The protein samples were obtained from lung tissues or MLVECs using RIPA lysis buffer containing proteinase inhibitor cocktail (Beyotime Institute of Biotechnology) and the protein concentration was measured using the BCA protein assay (Beyotime Institute of Biotechnology). Equal amounts of samples (40 μg) were resolved by electrophoresis using 8% SDS polyacrylamide gels and the proteins were subsequently transferred onto PVDF membranes (0.45 μm; EMD Millipore). Immunoblotting was performed using primary antibodies against MMP-9 (cat.no. ab38898; 1:1000; Abcam), VE-cadherin (cat.no. ab205336; 1:500; Abcam), ZO-1 (cat.no. 21773-1-AP; 1:1000; ProteinTech Group, Inc.), NF-κB p65 (cat.no. 3034S; 1:1000; Cell Signalling Technology, Inc.), phosphorylated (p)-NF-κB p65 (cat.no. 3033S; 1:1000; Cell Signalling Technology, Inc.), IκB-α (cat.no. 9242S; 1:1000; Cell Signalling Technology, Inc.), and β-actin (cat.no. A1978; 1:1000; Sigma-Aldrich; Merck KGaA), followed by incubation with horseradish peroxidase-linked secondary antibodies (HRP-Goat Anti-Mouse cat.no. SA00001-1; 1:5000; HRP-Goat Anti-Rabbit; SA00001-2; 1:5000; ProteinTech Group, Inc.).

Gelatine zymography

The enzymatic activity of MMP-9 was measured by gelatine zymography following instructions provided by the manufacturer (RTD6143, Real-Times Biotechnology Co., Ltd., Beijing, China). Briefly, proteins were mixed with loading buffer (with no reducing agent) and separated in 10% SDS polyacrylamide gelatine impregnated gels. After electrophoresis, gels were incubated with renaturation buffer for 30 min followed by incubated in incubation buffer at 4 °C overnight. The bands were visualized by Fastblue staining solution for 2 h and destained with distilled water for 1 h. The presence of enzyme activity was confirmed by the appearance of white bands on blue background.

Statistical analysis

All data are presented as the mean ± SEM. Statistical differences between two groups were determined using a paired Student’s t-test (two-tailed). Statistical significance among multiple groups was determined using a one-way ANOVA followed by Bonferroni's post-hoc test. p < 0.05 was considered to indicate a statistically significant difference. The data were analyzed using SPSS 22.0 software (IBM Corp.).

Results

Salidroside reverses the downregulated expression levels of VE-cadherin and ZO-1 in MLVECs exposed to cyclic stretch

VE-cadherin and ZO-1 are two important proteins expressed in endothelial cells that maintain and control vascular integrity (Komarova et al. 2017). The present study explored the effects of salidroside on mechanical stretch-induced MLVECs. MLVECs were exposed to cyclic stretch, which resulted in the downregulation of VE-cadherin and ZO-1 expression. Pre-treatment of salidroside before cyclic stretch increased the levels of VE-cadherin and ZO-1 (Figure 1(A)).

Figure 1.

The expression of different protein levels in primary MLVECs. (A) Relative VE-cadherin and ZO-1 protein levels in primary MLVECs exposed to cyclic stretch for 4 h. Salidroside was administrated before cyclic stretch. Representative protein bands were presented on the top of the histograms. Data are presented as the mean ± SEM (n = 4). (B) MMP-9 activity and relative protein level treated with mechanical stretch for 4 h. Salidroside was administrated before cyclic stretch. Gelatinase activity and representative protein bands were presented on the top of the histograms. Data are presented as the mean ± SEM (n = 4). **p < 0.01 vs. control group; #p < 0.05, ##p < 0.01 vs. ventilation group. MLVECs: mouse lung vascular endothelial cells; SDS: salidroside.

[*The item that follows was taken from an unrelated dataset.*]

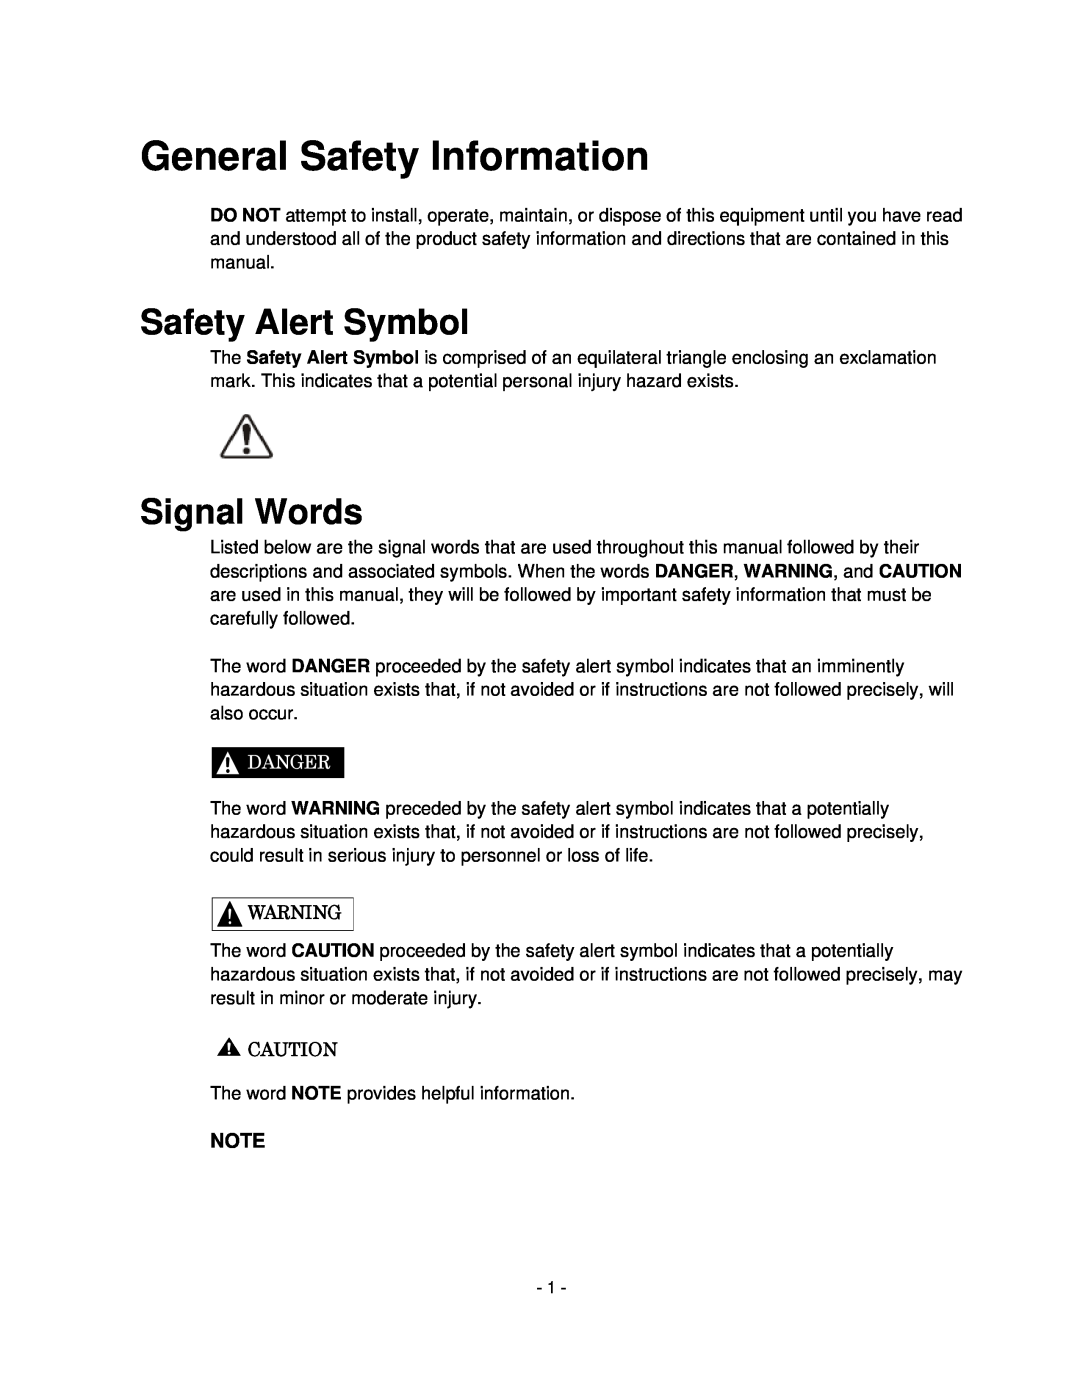 Toshiba H6A-HLS, HV6CS-MLD operation manual General Safety Information, Safety Alert Symbol, Signal Words, Danger

Salidroside inhibits mechanical stretch-induced upregulation of MMP-9 in MLVECs

MMP-9 has been reported to be increased in stretched cells (Cha and Purslow 2010). In the present study, the effects of stretch injury and salidroside pre-treatment on the activity and expression of MMP-9 were assessed using gelatine zymography and western blot analysis. The results indicated that pre-treatment with salidroside significantly decreased the enzymatic activity and expression levels of MMP-9 following stretch injury in MLVECs (Figure 1(B)).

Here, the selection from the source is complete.